* [Recorded information]

- - - - -

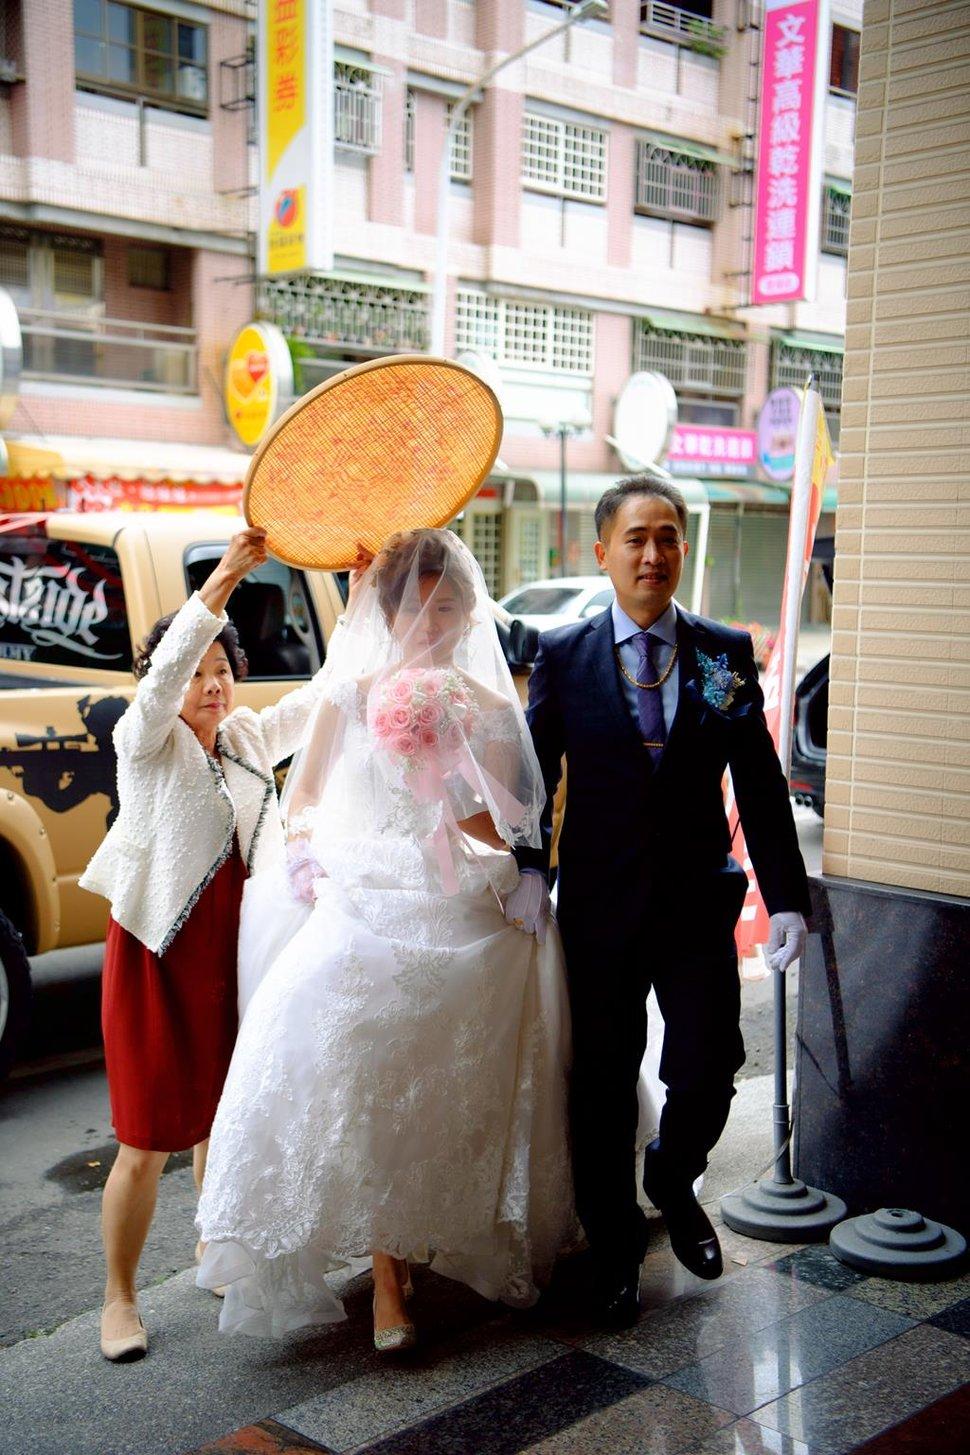 書孟&逸琳婚禮紀實-2-27 - 幸福先生攝影團隊  (全職攝影師)《結婚吧》
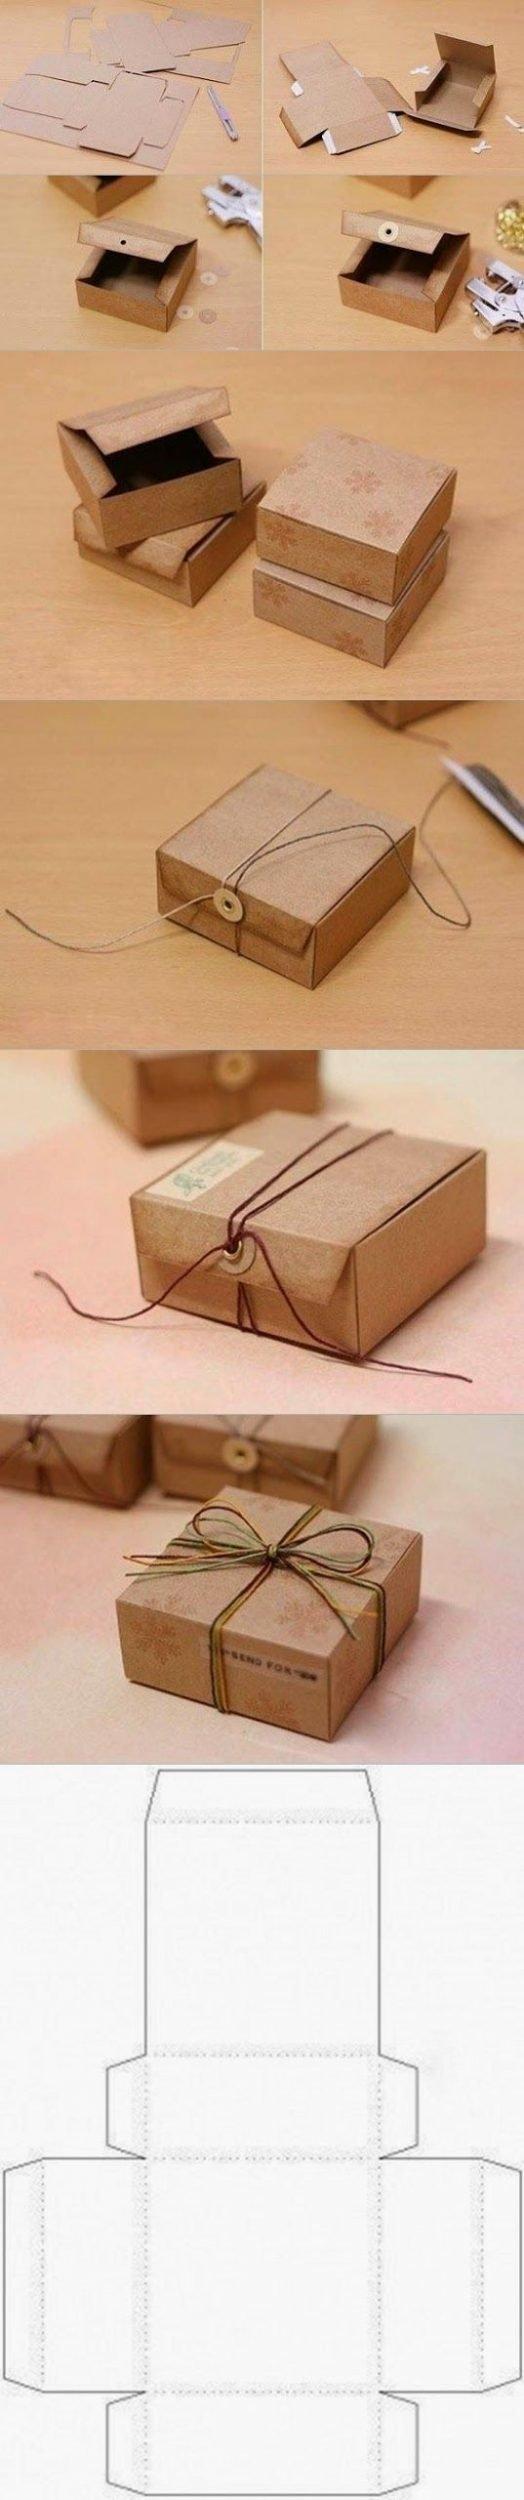 schachtel falten f r kleine geschenke basteln 31 diy. Black Bedroom Furniture Sets. Home Design Ideas
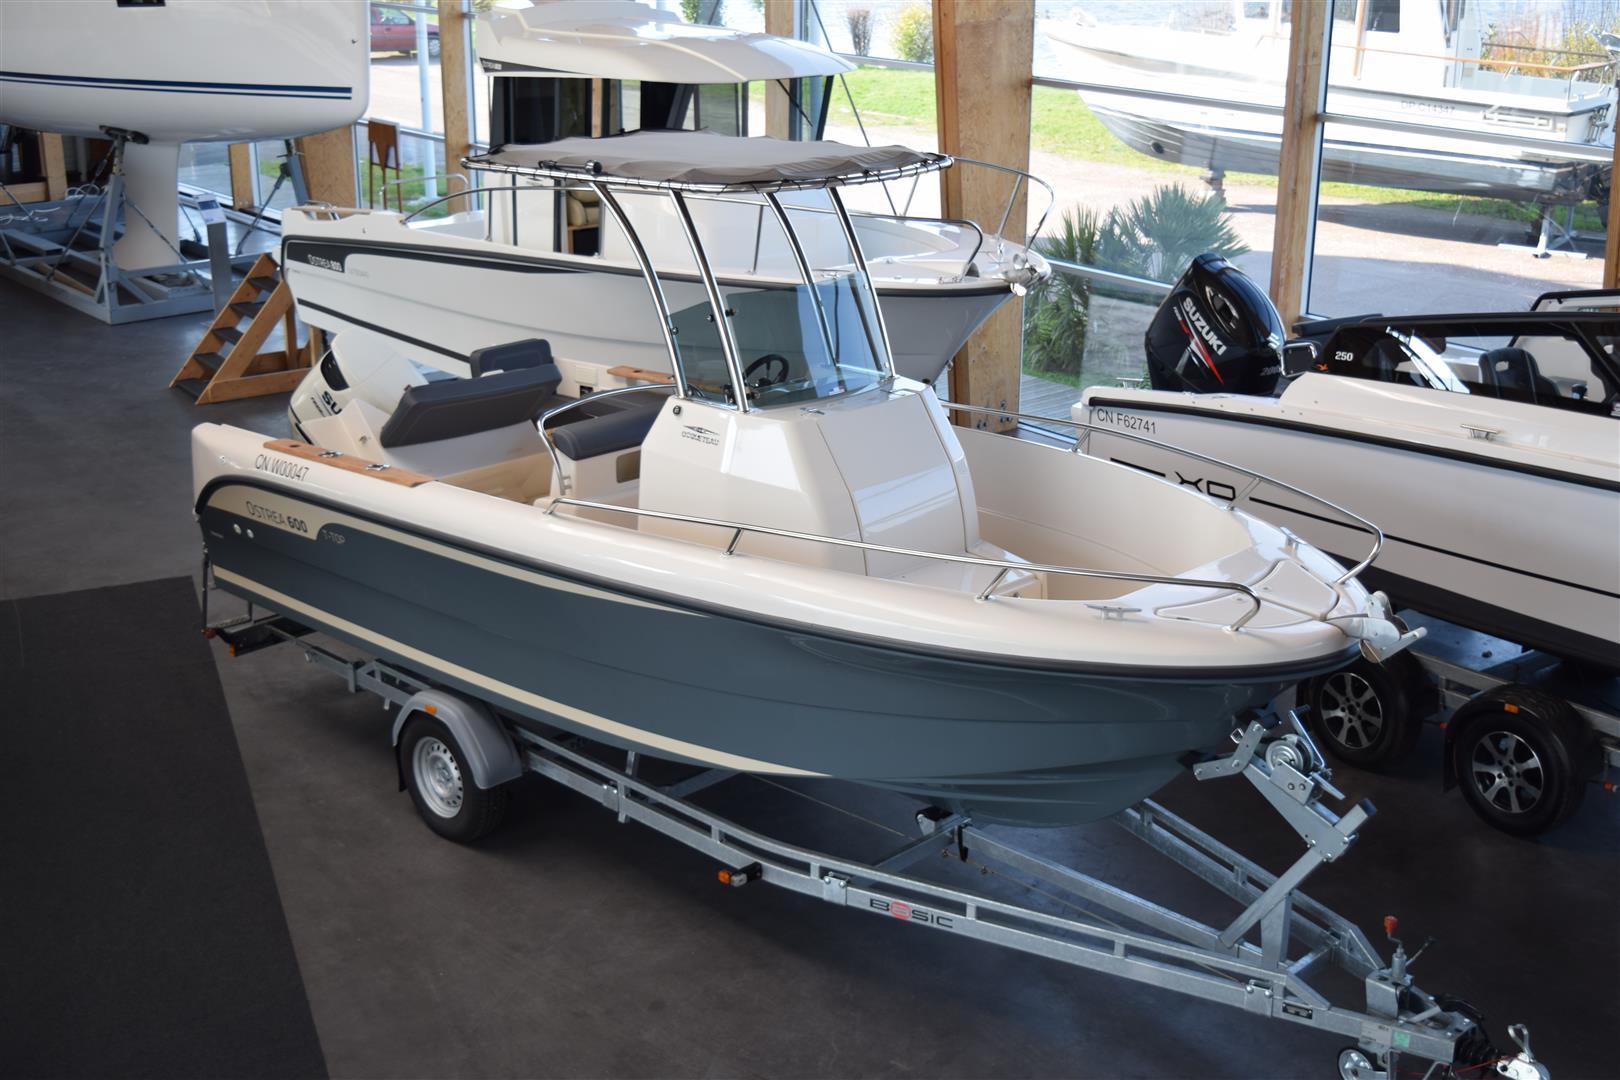 bateau moteur ocqueteau ostrea 600 t top neuf annonces. Black Bedroom Furniture Sets. Home Design Ideas

- - - - -

* [Exercise instructions]
Starting with the line that contains "schachtel falten f" and ending with the last line of the data above, transcribe exactly those lines and no others, without pictures.

* [Task result]
 schachtel falten f r kleine geschenke basteln 31 diy. Black Bedroom Furniture Sets. Home Design Ideas
 bateau moteur ocqueteau ostrea 600 t top neuf annonces. Black Bedroom Furniture Sets. Home Design Ideas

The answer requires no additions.